BEGIN Extracted material
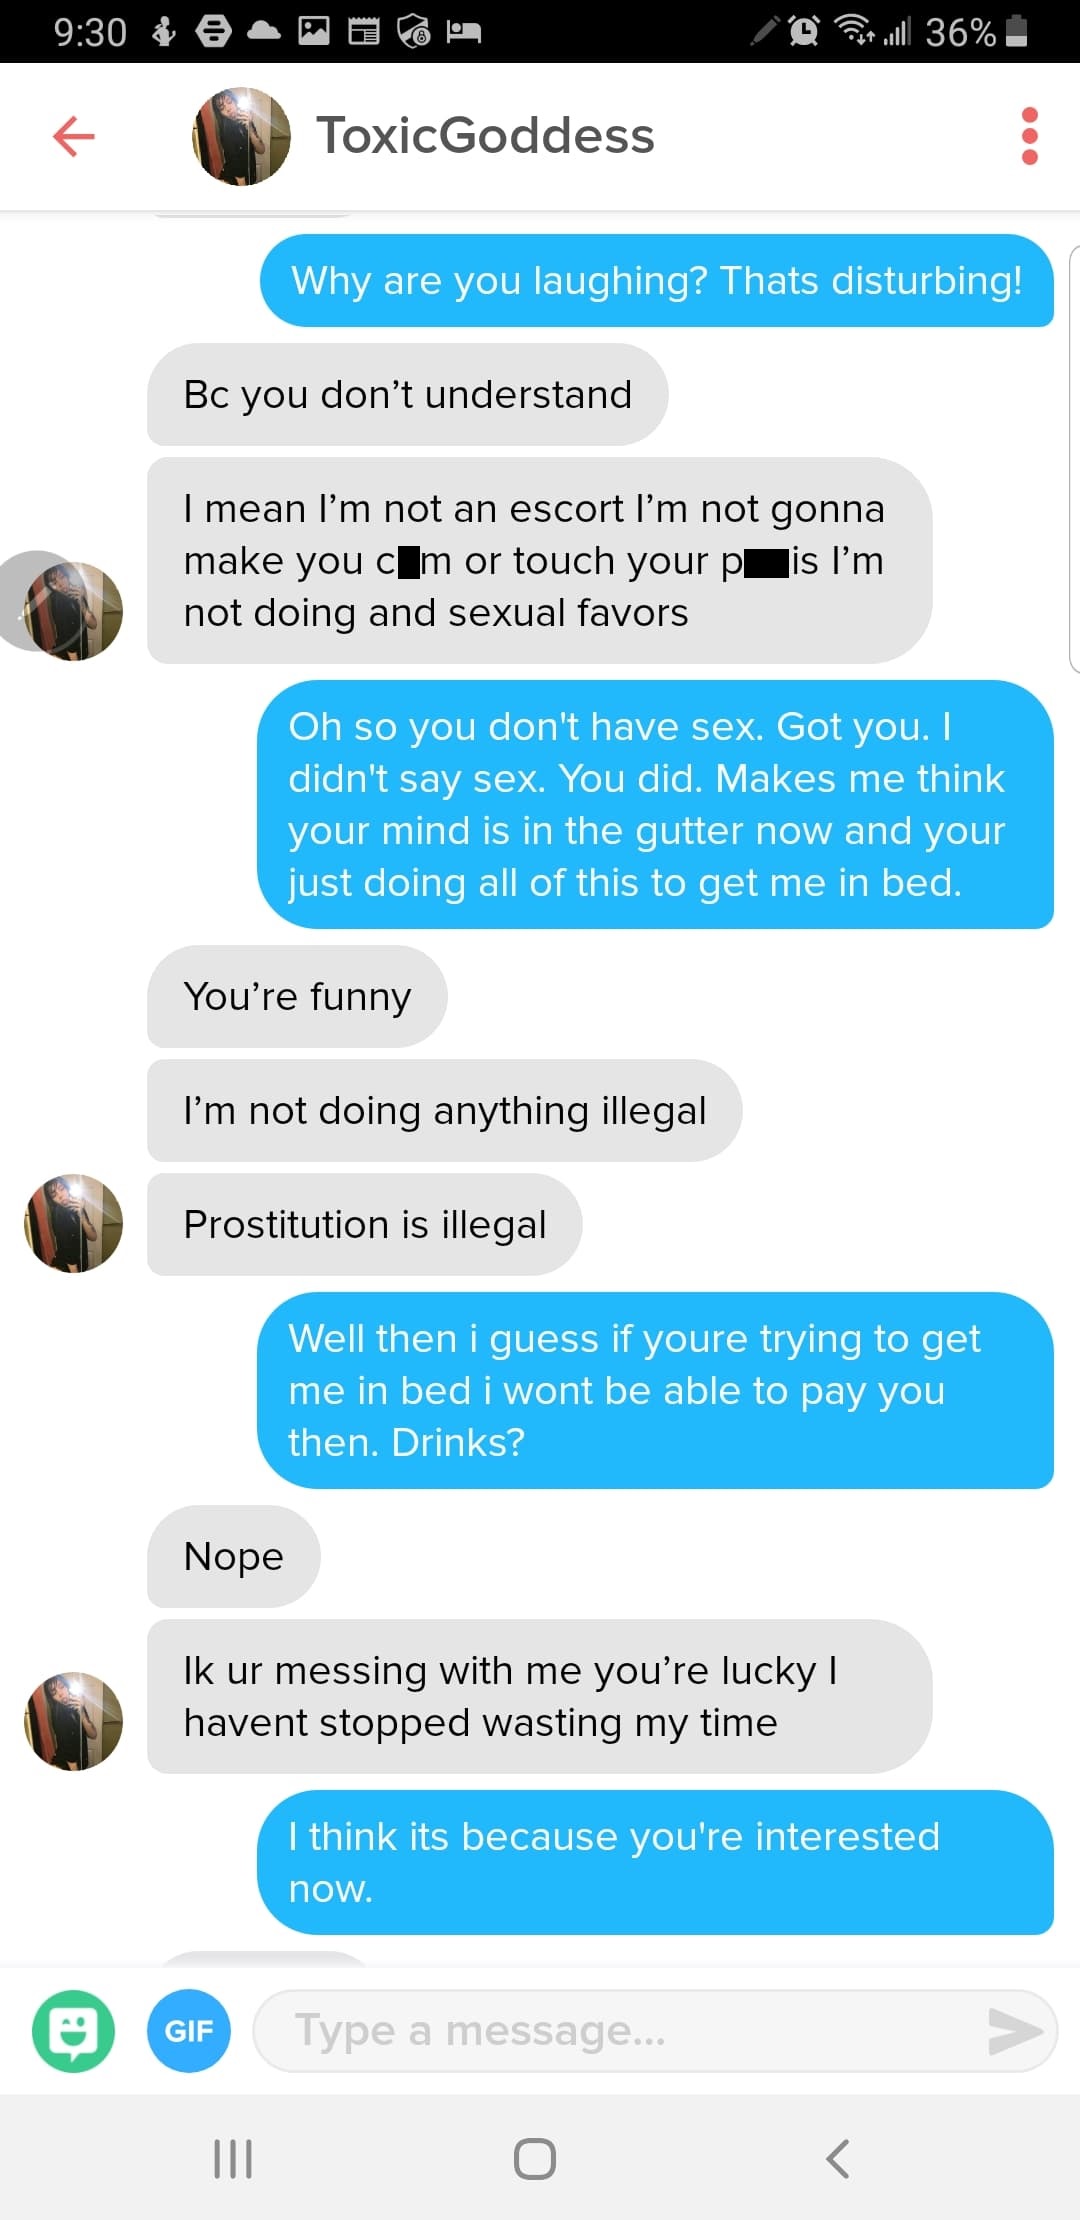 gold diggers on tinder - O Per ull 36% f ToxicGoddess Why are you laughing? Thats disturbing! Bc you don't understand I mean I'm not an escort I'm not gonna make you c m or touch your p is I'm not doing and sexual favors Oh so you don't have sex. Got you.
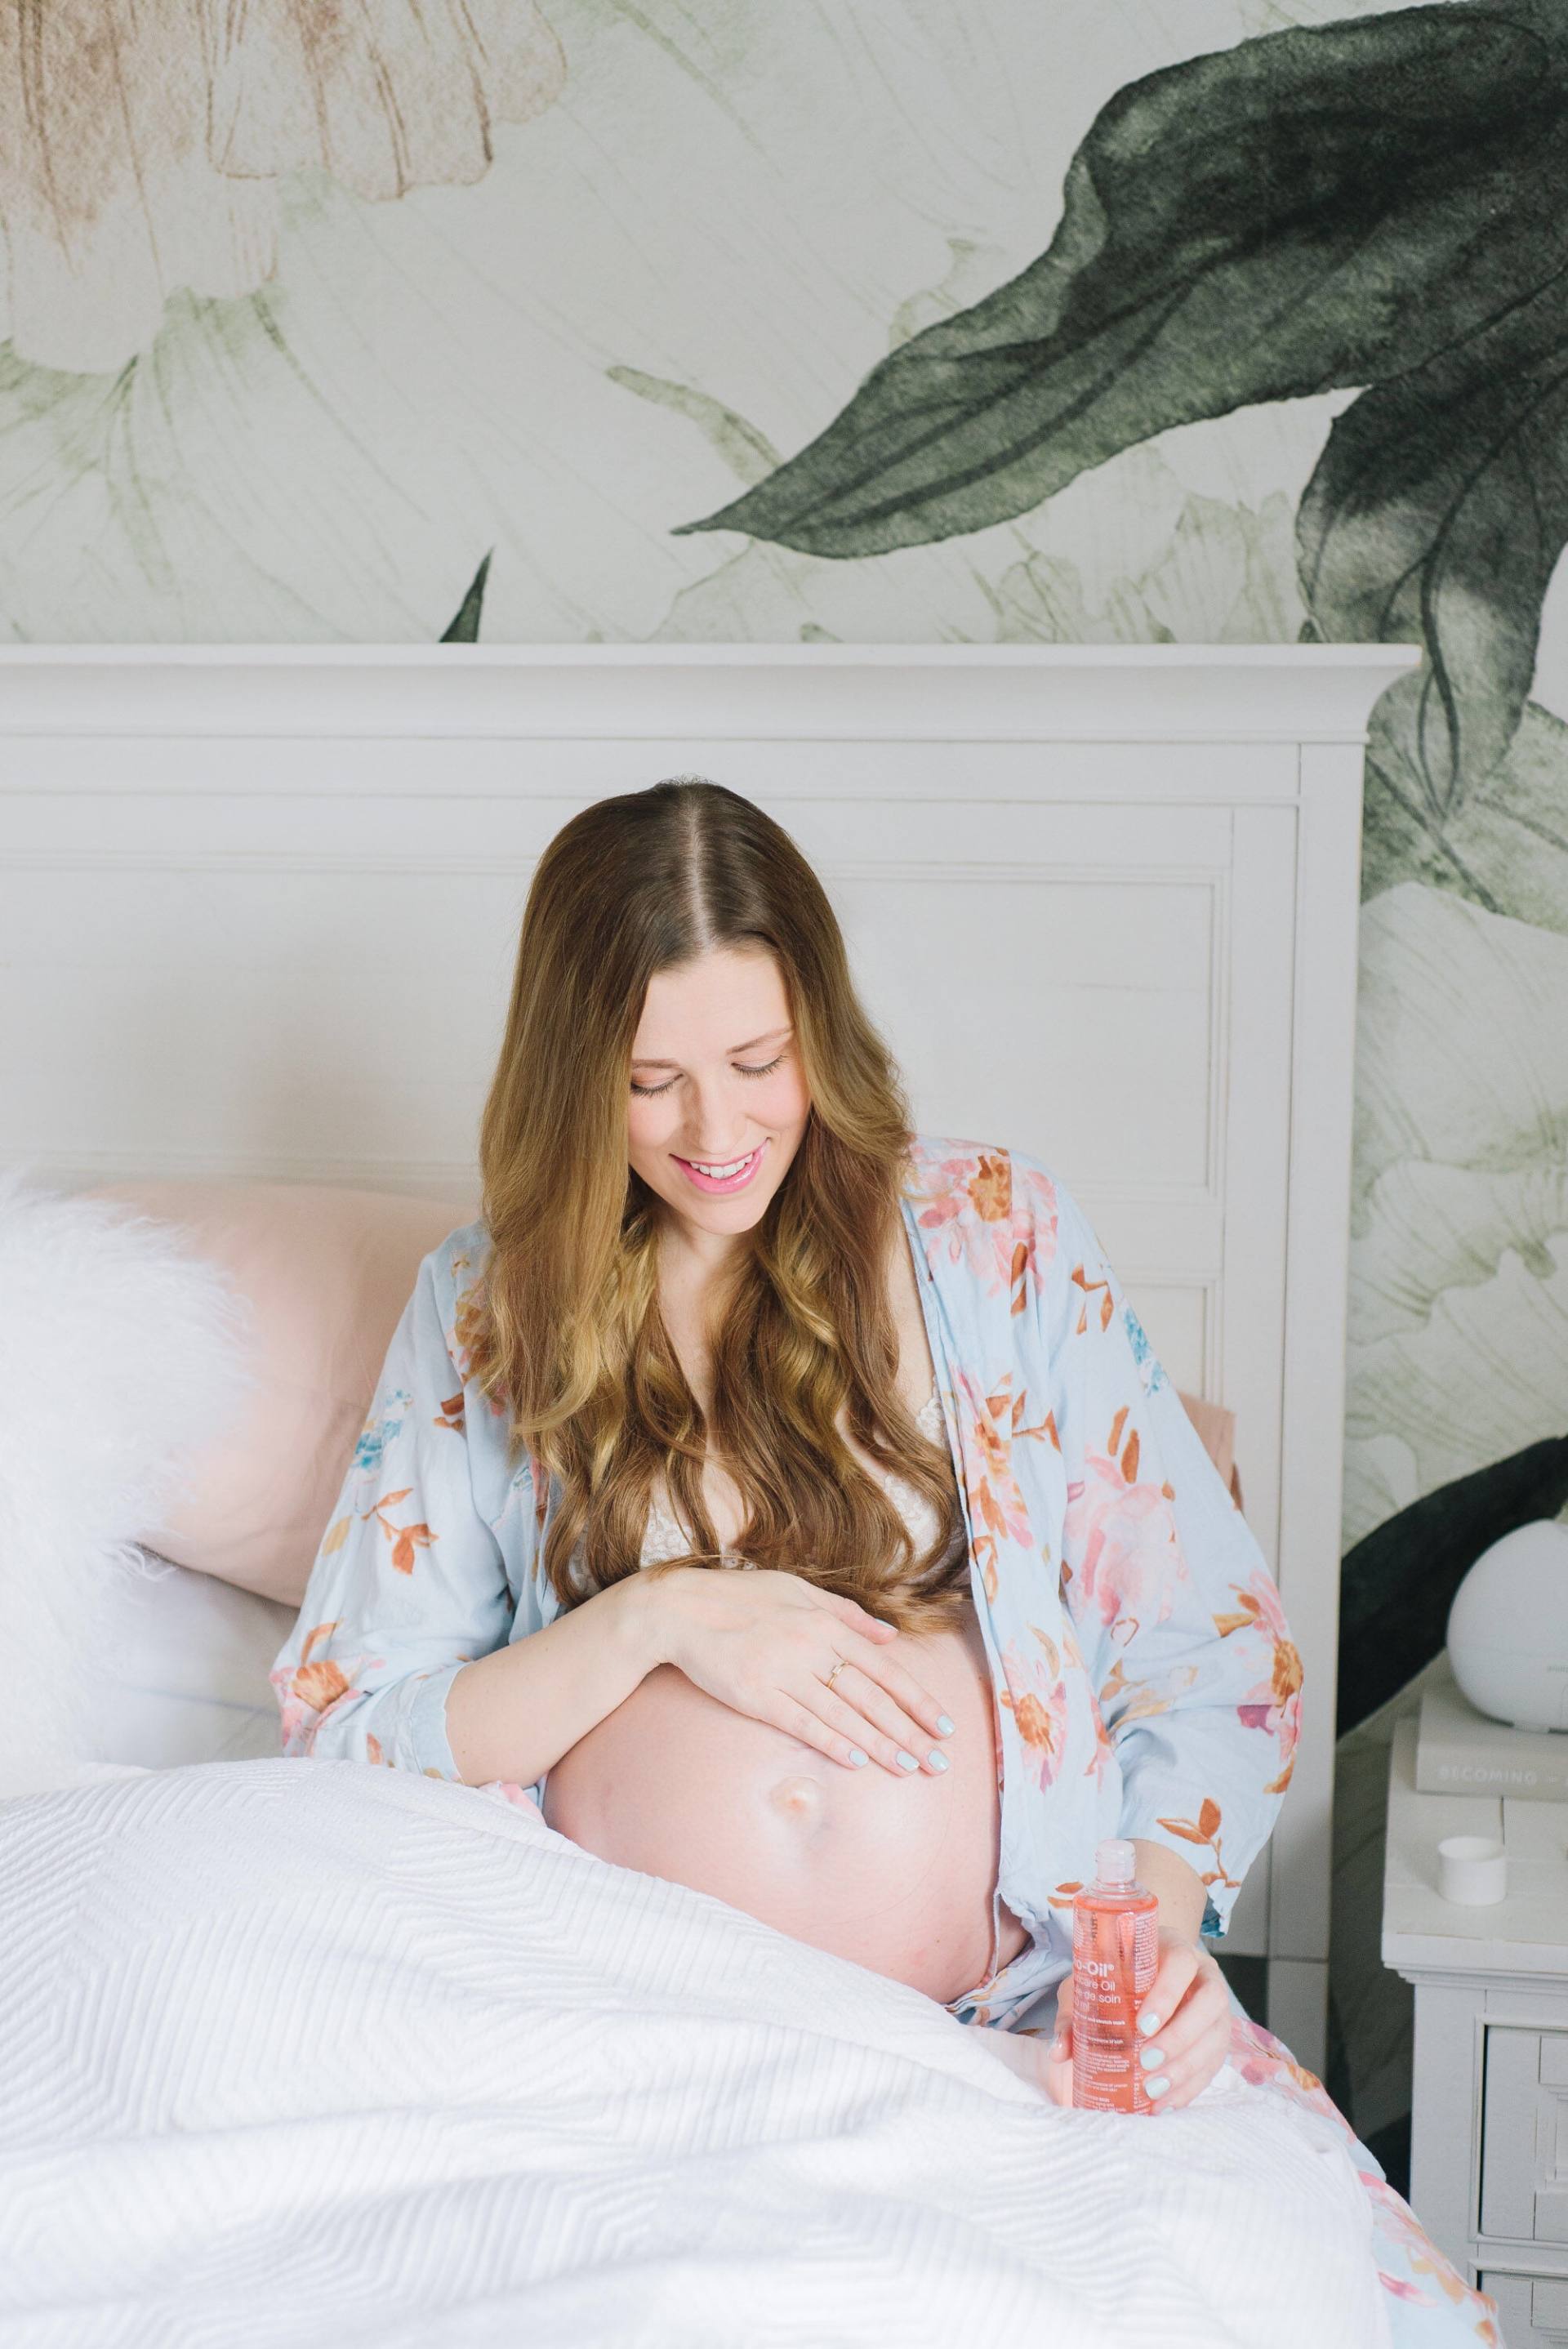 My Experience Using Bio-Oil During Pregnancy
END Extracted material
BEGIN Extracted material
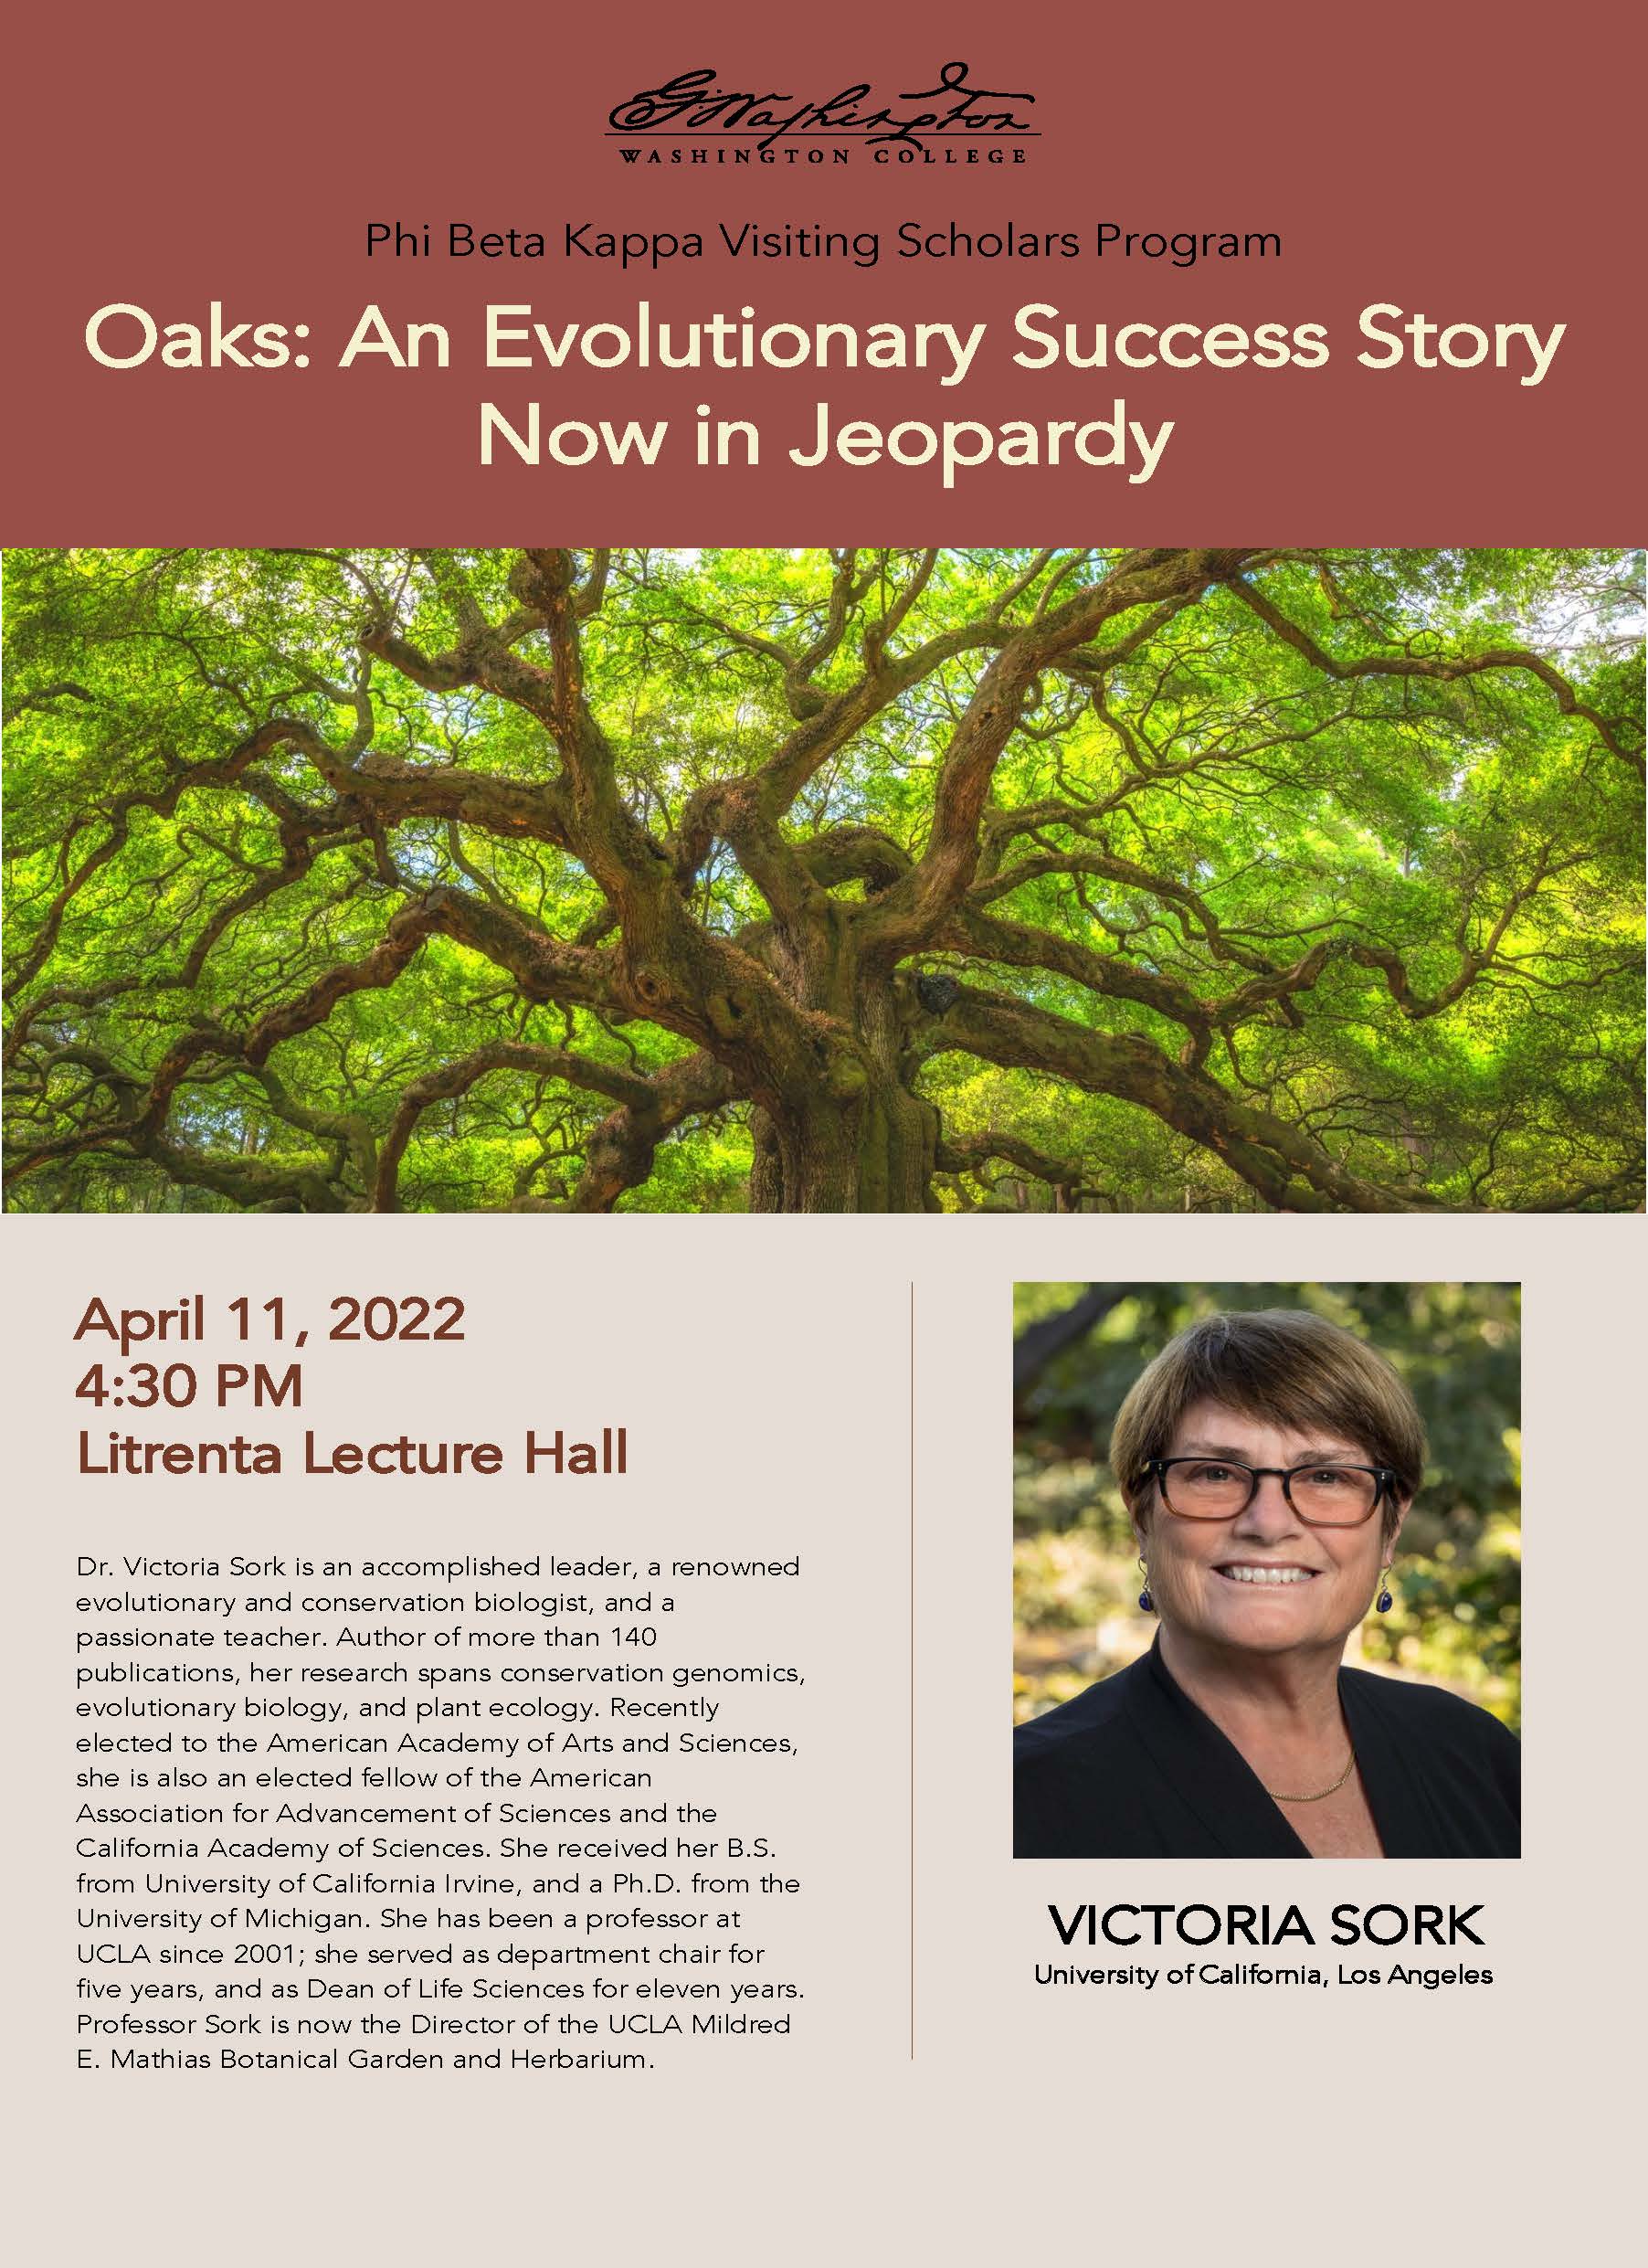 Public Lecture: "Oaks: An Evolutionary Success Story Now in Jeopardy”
END Extracted material
Brief: Within the material above, find the part that opens with the line containing "gold diggers on" and closes with the line containing "My Experience Using Bio-Oil During Pregnancy", and reproduce it exactly without the pictures.

Task solution:
 gold diggers on tinder - O Per ull 36% f ToxicGoddess Why are you laughing? Thats disturbing! Bc you don't understand I mean I'm not an escort I'm not gonna make you c m or touch your p is I'm not doing and sexual favors Oh so you don't have sex. Got you.
 My Experience Using Bio-Oil During Pregnancy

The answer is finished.